## The data:
################

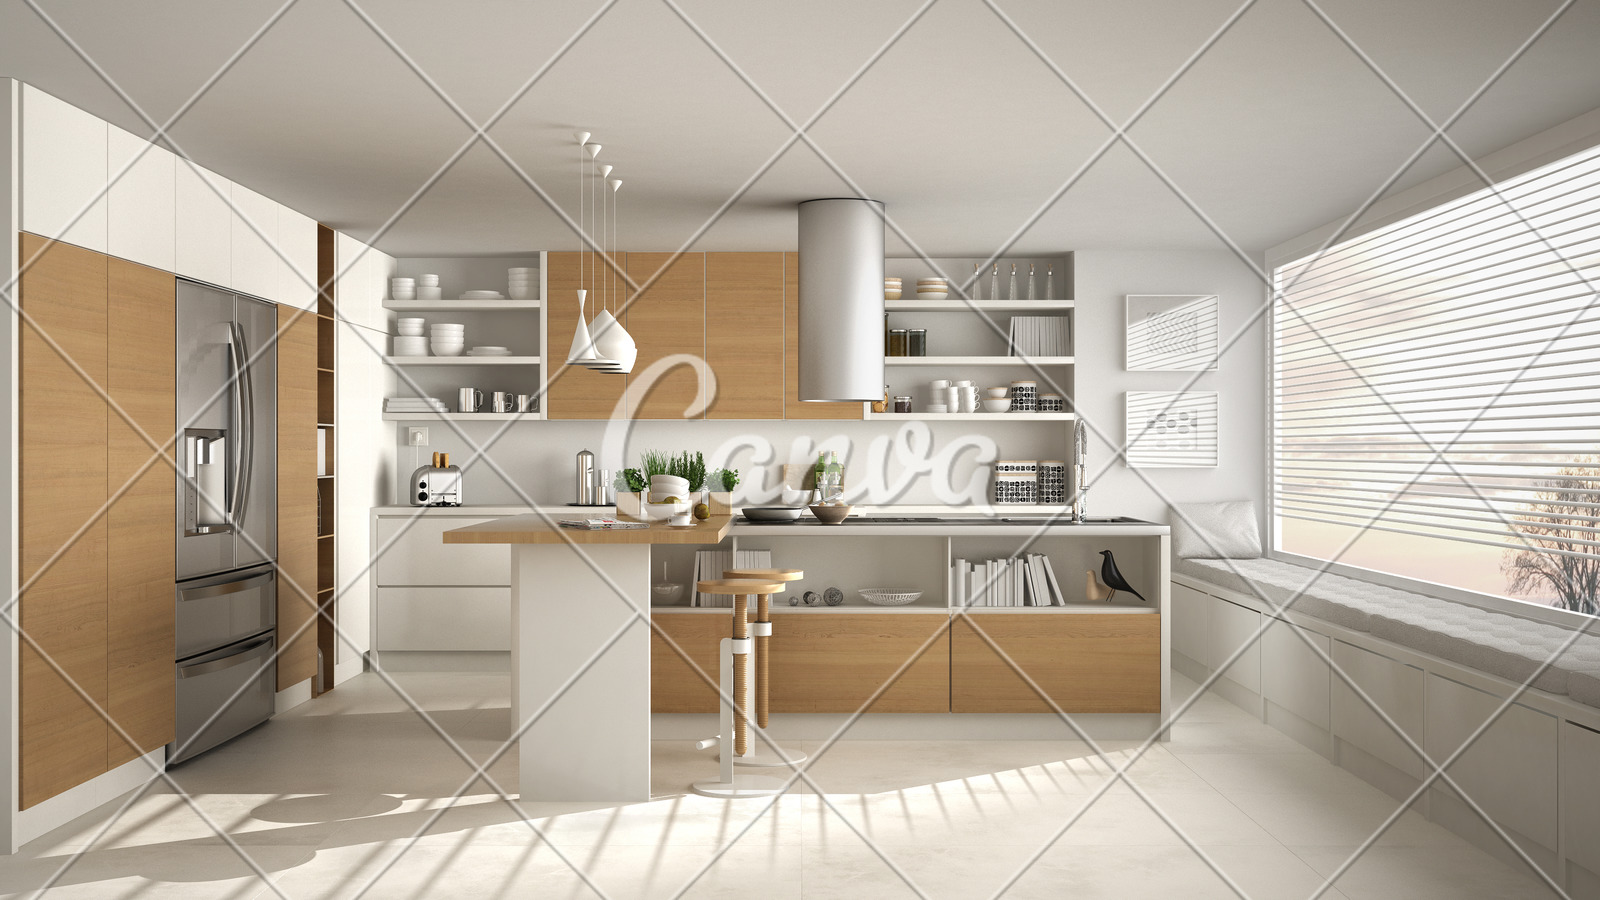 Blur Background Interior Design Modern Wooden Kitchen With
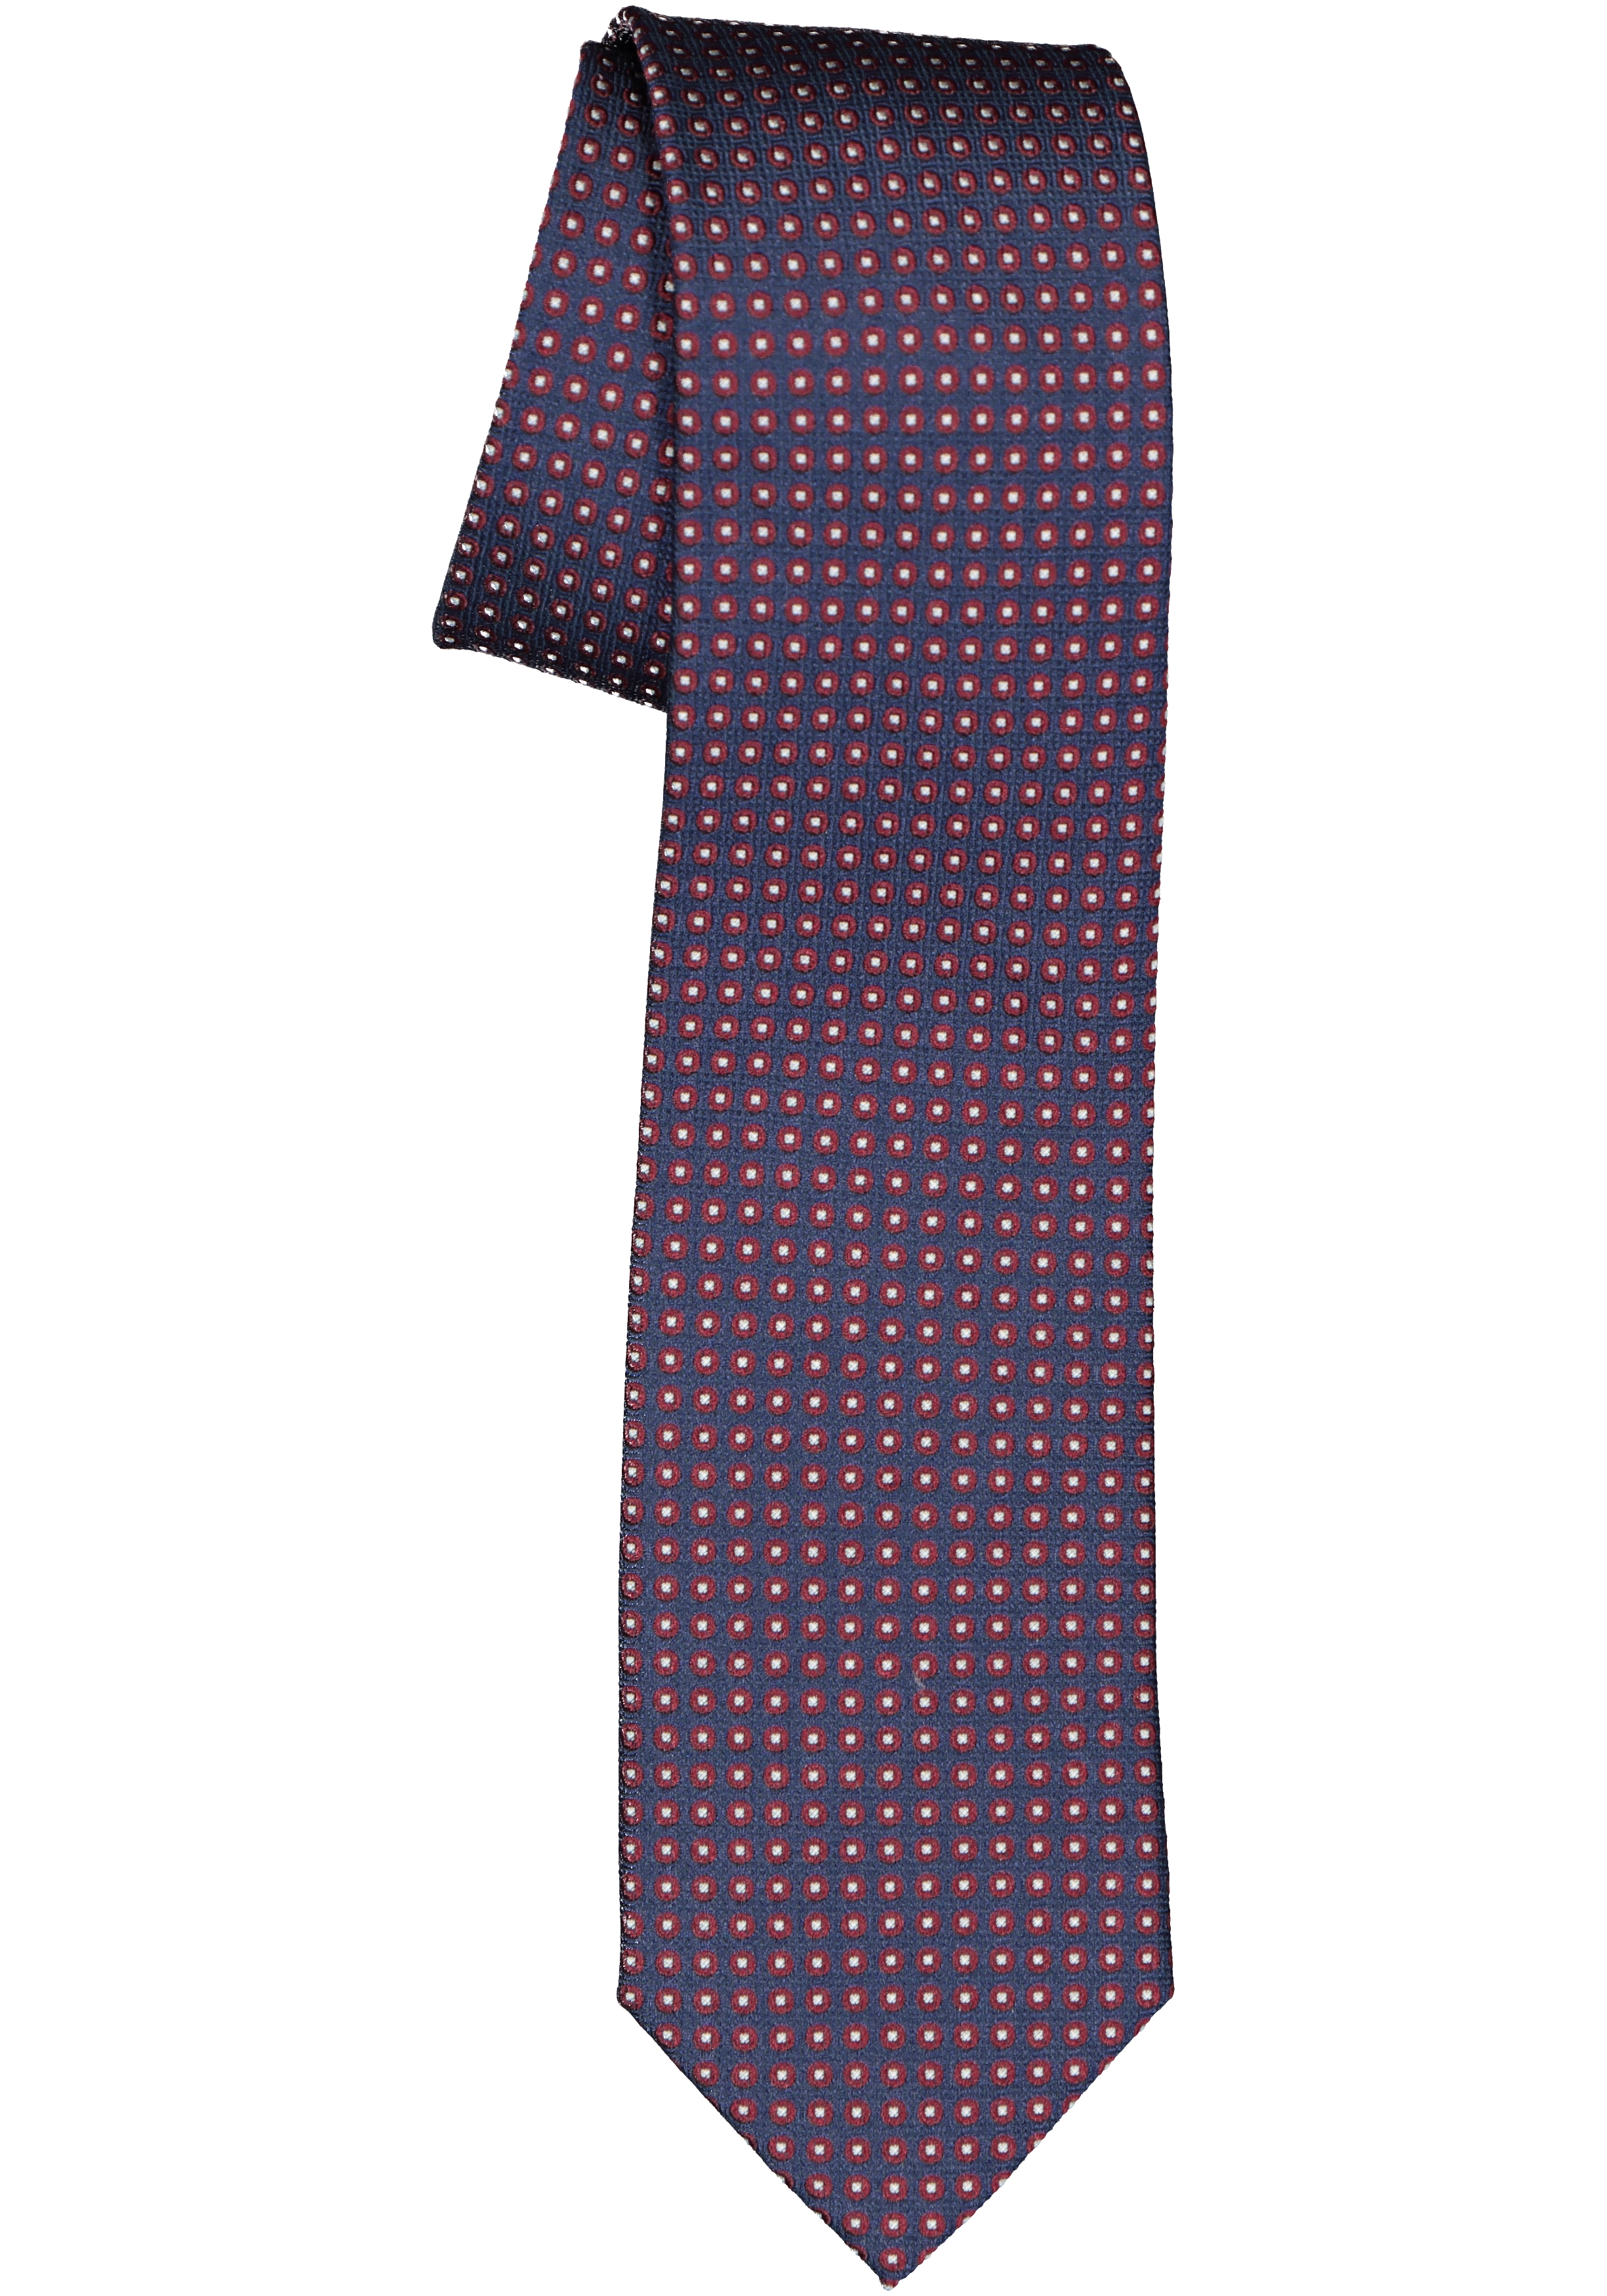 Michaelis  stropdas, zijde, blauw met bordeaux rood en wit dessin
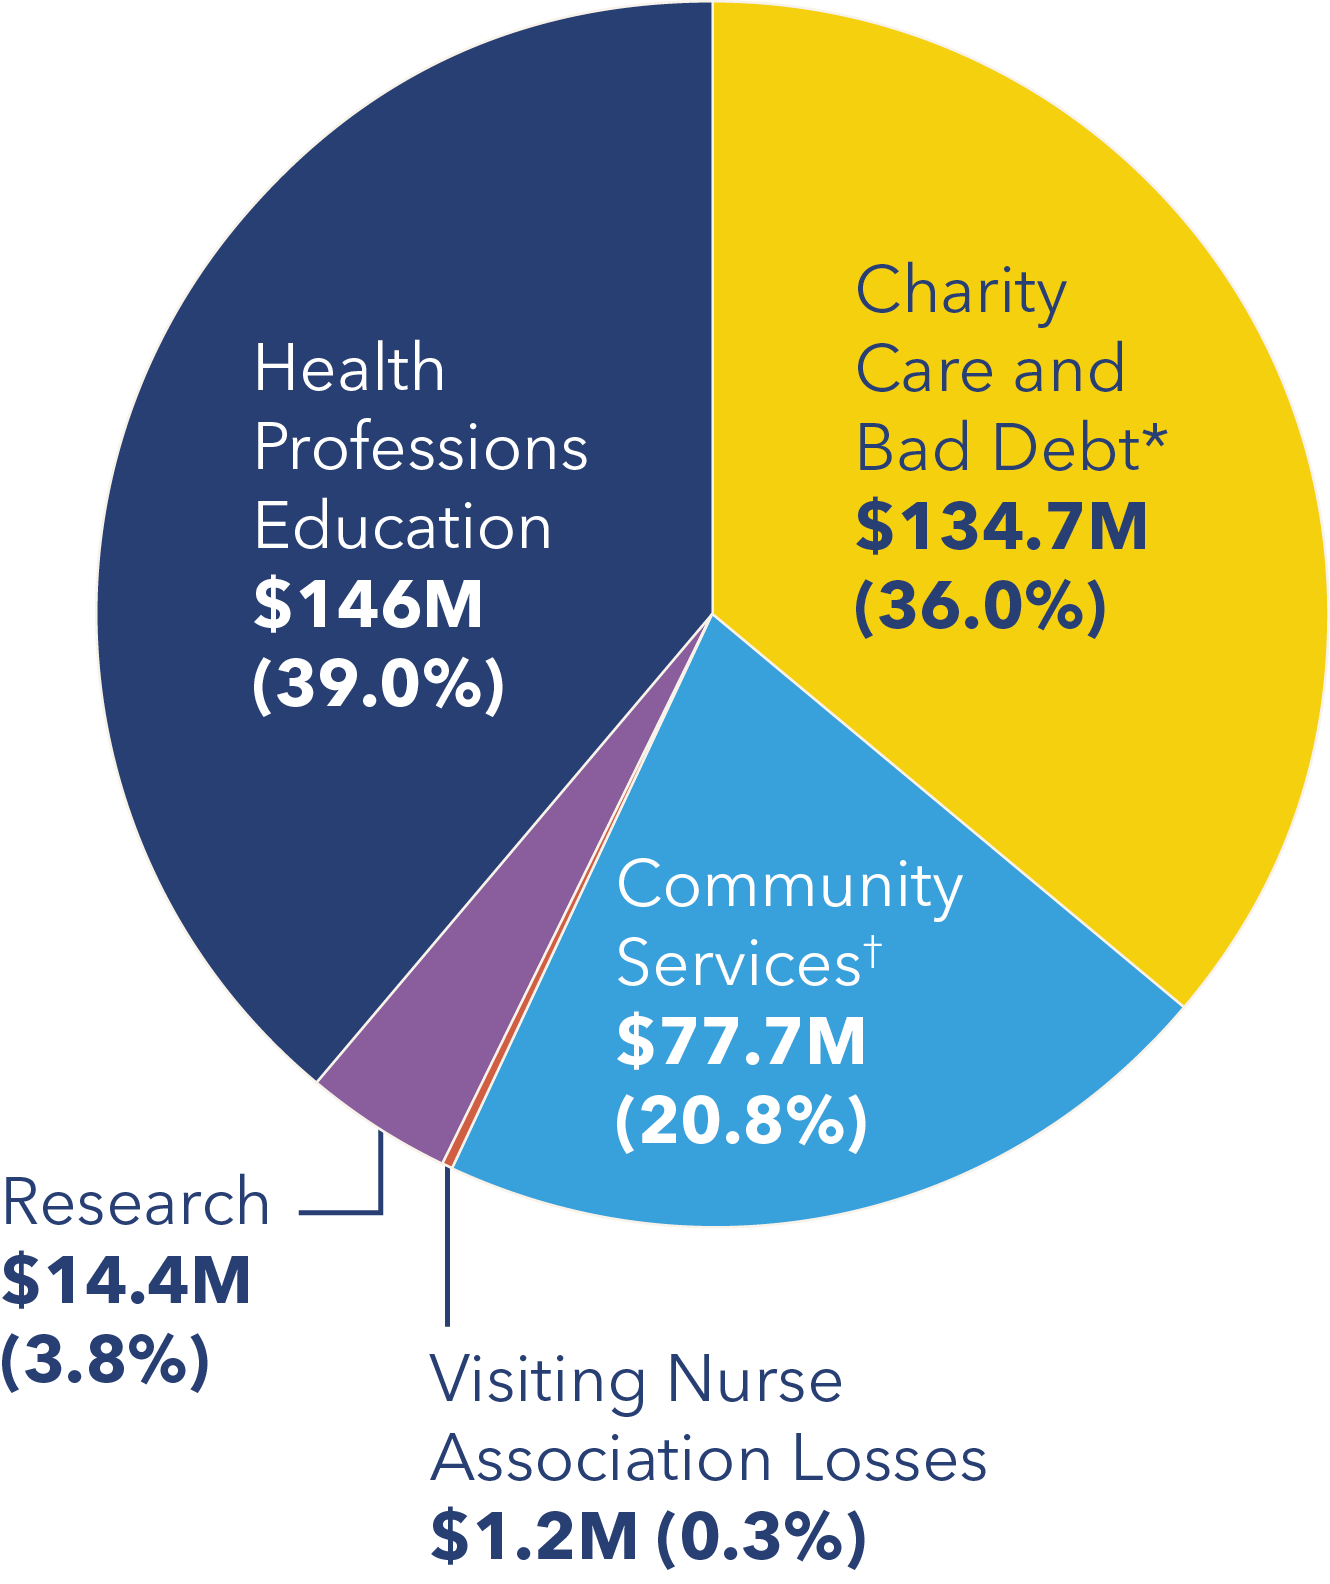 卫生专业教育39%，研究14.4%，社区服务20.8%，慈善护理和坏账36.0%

################

## To do:
Could you repeat word for word only the lines from the one that contains "en wit dessin" through the end of the listing, leaving out the pictures?

## Answer to this problem:
 Michaelis  stropdas, zijde, blauw met bordeaux rood en wit dessin
 卫生专业教育39%，研究14.4%，社区服务20.8%，慈善护理和坏账36.0%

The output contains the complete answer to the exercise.